By Ray Pride Pride@moviecitynews.com
Sienna Miller: At least we got a fuckin' bunny out of it
Sienna Miller again proves herself a worthy throwback to the era of the say-anything actor or actress who always speaks their racing mind to Simon Hattenstone in the Guardian. “Mating with your rabbit!” I shout. “No! My rabbit with another rabbit. I had this gorgeous rabbit called Daisy and I picked out the one I wanted, got them out of their hutches—it was obviously very illegal to put them together—got them in a travel basket, ran behind the shed, let them do it, got caught… But it was this school in the country, and we had all been packed off at eight years old. At least we got a fuckin’ bunny out of it.” She though math was pointless. “I’d say, ‘When would I use long division?’ and the teacher would say, ‘When you’re in a supermarket and you want to calculate the price of your food before you get to the till,’ and I’d think, ‘Well, I’d take a fucking calculator, you nob.'” She is surprisingly laddish, with a wonderful knack of putting her foot in it. Take Pittsburgh. When she returned to the city where she had researched Factory Girl, she told Rolling Stone [that] she’d renamed it Shitsburgh.

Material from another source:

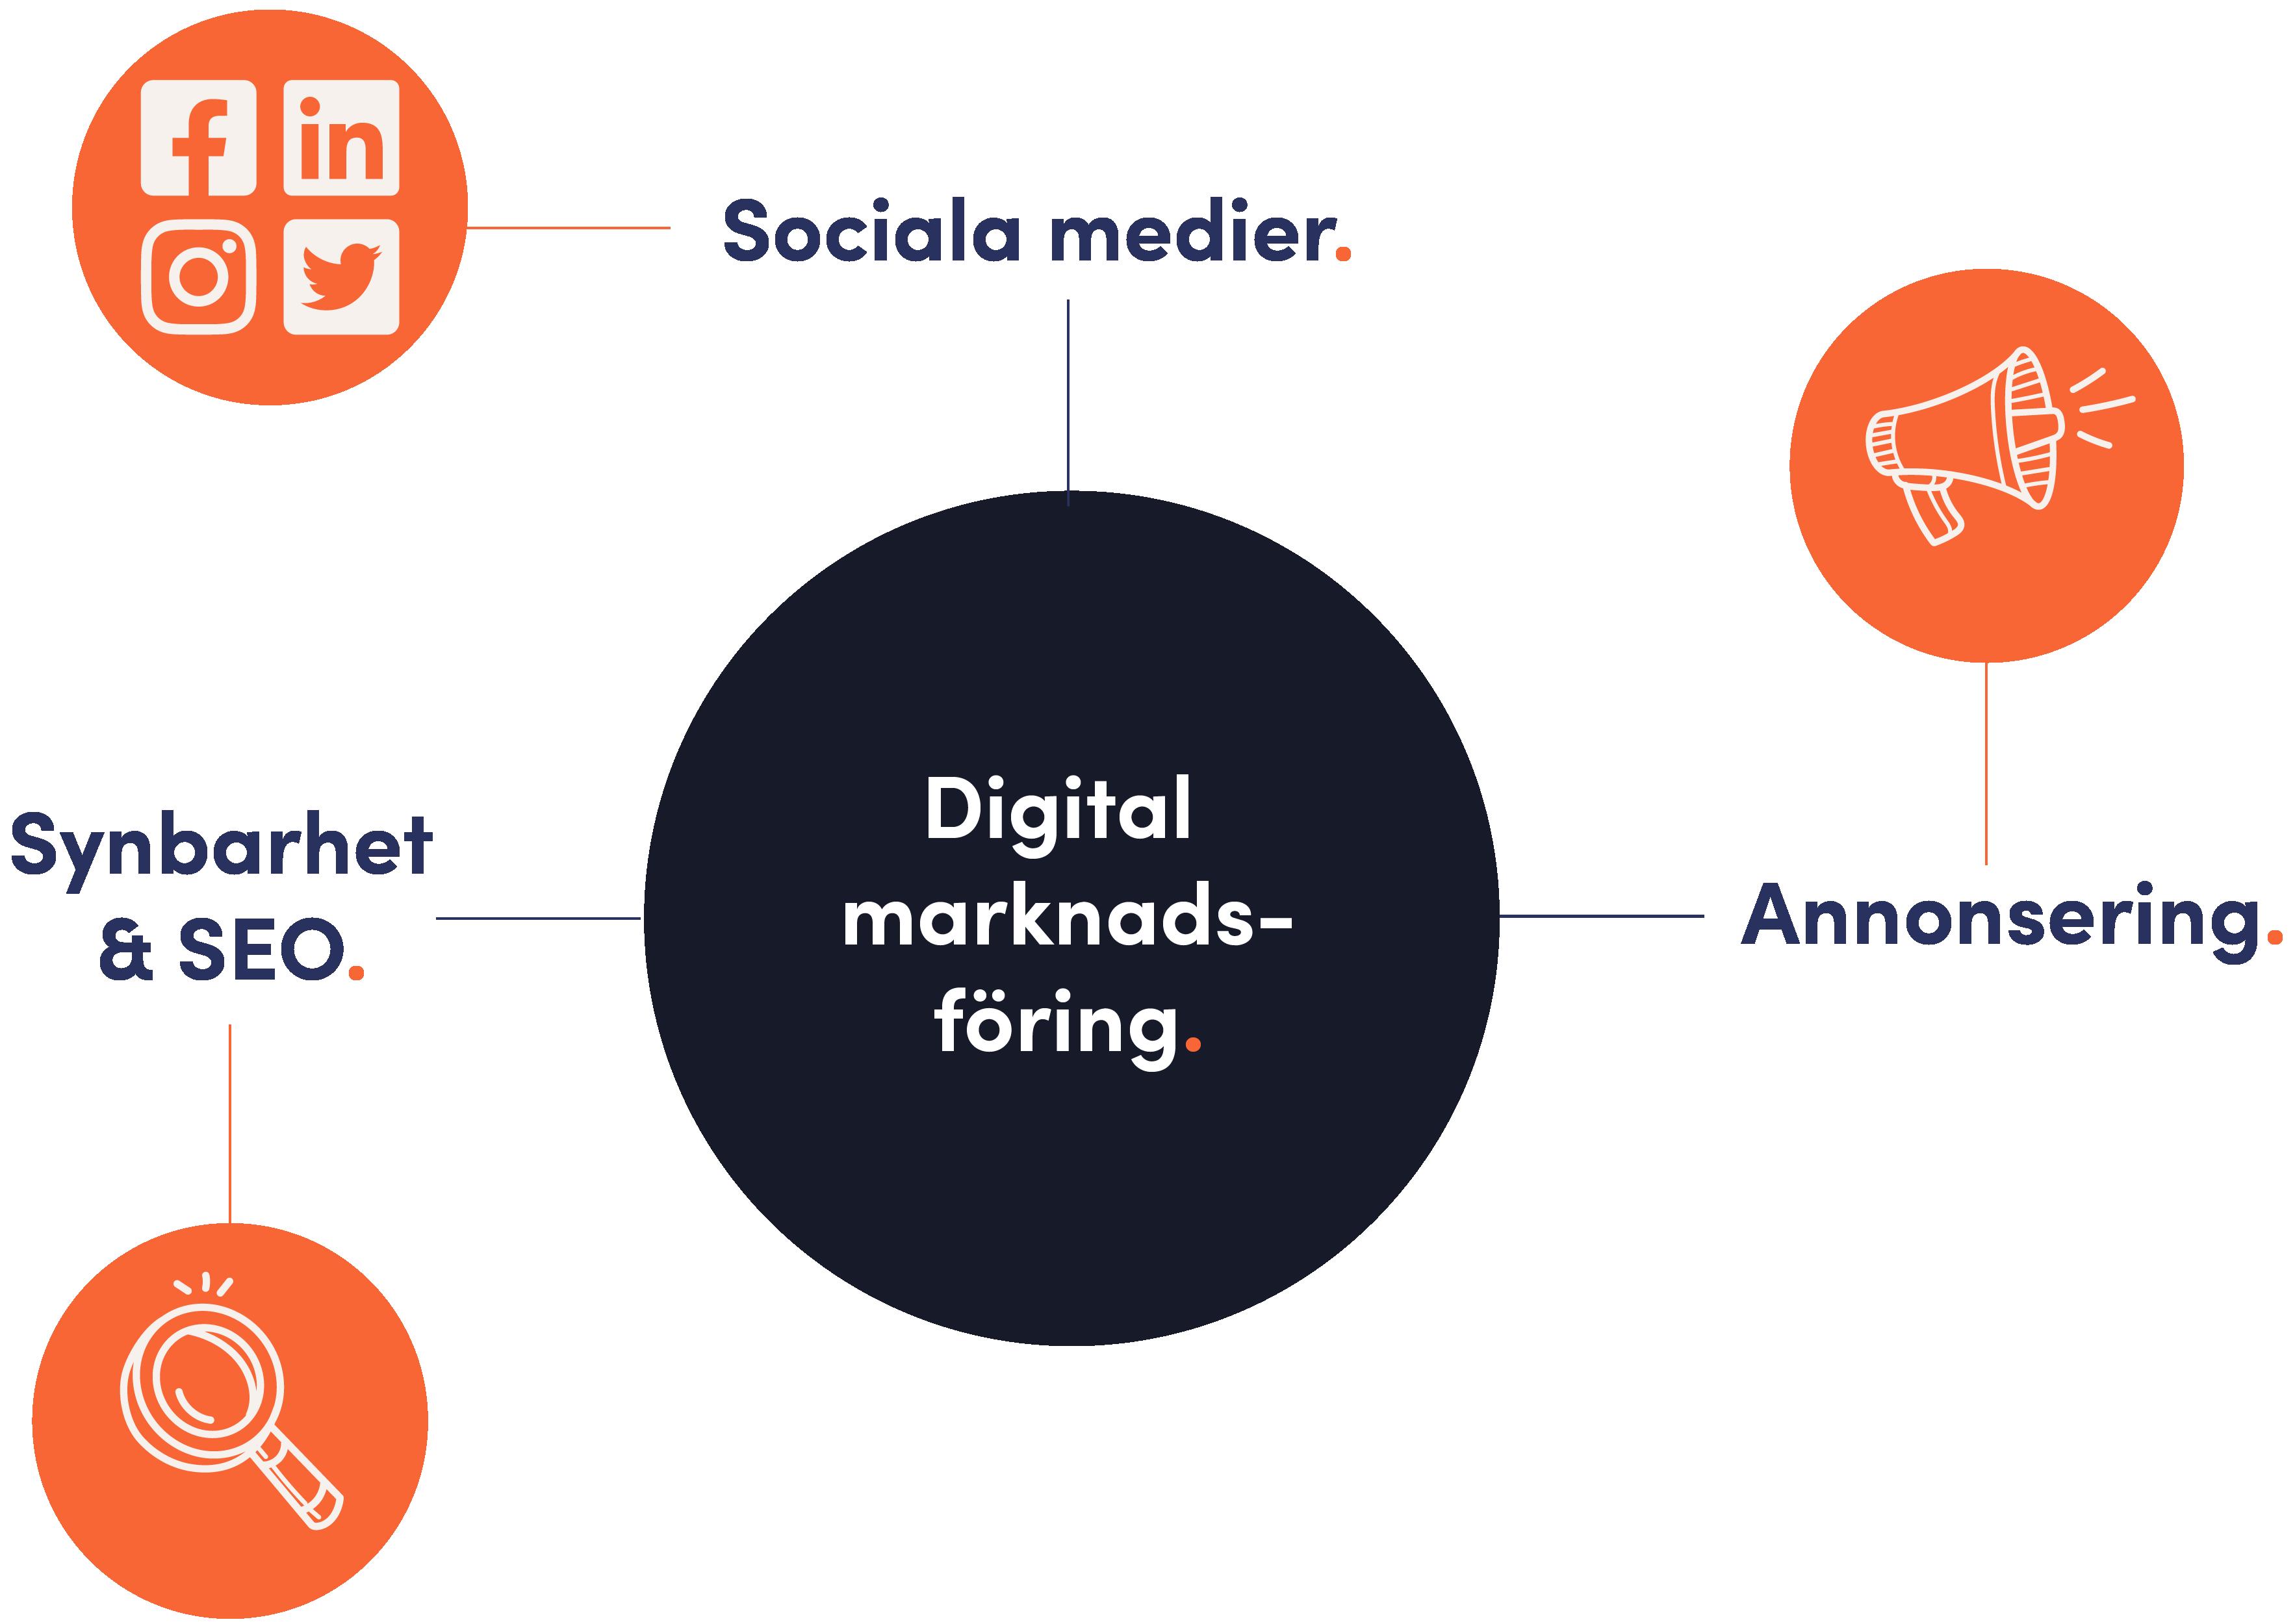 Webbyrå i Växjö som erbjuder digital marknadsföring: SEO, annonsering, sociala medier

It just slipped out… “Having met me, you’ll realise these things just come out. I think it might be mild Tourette’s, not to insult people who have proper Tourette’s, but I will say the most inappropriate things at the most inappropriate time to the most inappropriate person. Always. Guaranteed.” Even now, mid-apology, she can’t help digging herself in deeper. She tells me how she and her friends then spent ages renaming other American places. “Massivetwoshits is Massachusetts. Connecticunt, or Connectibutt. We came up with loads…” Of the yellow press favoring her slips and alleging her affairs, she tells Hattenstone, “Yeah! Year of the Slut! Spread ’em! That’s my motto for 2007.” She stops again, stresses she’s joking. “Oh, please don’t write that.”